In a letter to Boohoo’s Group Executive Director and Group Executive sent today by Rt Hon Philip Dunne MP, Chairman of the Environmental Audit Committee, Mr Dunne disputes the claim that the Group was not aware of the illegal working practices at factories making the fast fashion firm’s garments.
Boohoo should have been aware of allegations of poor working practices in its supply chain. The Committee’s 2019 report on Fixing Fashion highlighted the issue of Leicester’s garment workers being paid below the National Minimum Wage. The example of Leicester was again discussed during a public evidence hearing with the Financial Times’ Sarah O’Connor which triggered a letter to Boohoo from the Committee raising concerns with Leicester garment workers being paid illegally low wages. Boohoo Group’s co-founder and then Chief Executive Carol Kane later appeared before the Committee where poor conditions and illegally low pay in Leicester garment factories was discussed.
Despite the growing calls for Boohoo to address concerns for its workers, it apparently continues to be unwilling to engage with trade unions and the Ethical Trading Initiative (ETI). The Committee contacted Usdaw about trade union representation for Boohoo staff, and the ETI on labour market practices in its wider supply chain.

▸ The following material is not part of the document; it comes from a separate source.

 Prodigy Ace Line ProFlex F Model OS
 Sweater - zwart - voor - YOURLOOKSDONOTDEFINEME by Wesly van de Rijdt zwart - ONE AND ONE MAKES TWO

Usdaw confirmed that the company refuses to recognise the union, and workers have told them that they feel intimidated at work and have been instructed not to engage with union representatives. Despite assuring the Committee last year that it was taking steps to join the ETI, the Committee understands Boohoo did not formally apply to join and the ETI has said they “are not convinced that [Boohoo] would meet a number of critical aspects essential to ETI membership.”
Environmental Audit Committee Chairman, Philip Dunne, said:
“It is incredible that over a year since the Committee highlighted illegal working practices in its supply chain, Boohoo has publicly denied any knowledge of what has been happening for years.
“Last year Boohoo told us that it was going to join the ETI. We note it has not done so. It is shameful that it took a pandemic and the ensuing outrage about working practices in their supply chain for Boohoo finally to be taken to task for turning a blind eye.
“I have today asked a number of questions to discover what the company is doing to protect its workers and to ask whether any environmental standards have been adopted to lessen the impact of fast fashion on our environment.”
The letter’s publication follows Mr Dunne’s question to the Home Secretary on 13 July where he raised concerns of modern slavery found during the Committee’s fast fashion inquiry. The Home Secretary confirmed that there is a cross-Government taskforce looking into the issue of working conditions in factories in Leicester.
The following questions have been asked of Boohoo:
- What measures did Boohoo Group companies put in place during the pandemic to protect workers both at its own operations and at the garment factories that supply its garments?
- Did Boohoo continue to issue fines to producers for late delivery during the pandemic? And if so, how many?
- To ensure that the health and safety of garment workers is protected and that collective bargaining is allowed, will Boohoo now commit to establishing formal trade union recognition?
- Why did Boohoo take the decision not to apply for Membership of the ETI?
- How was the “alternative initiative” evaluated to ensure Boohoo would be held accountable to the highest ethical and environmental standards?
- Will Boohoo now reconsider aligning its practices to enable it to become a member of the ETI?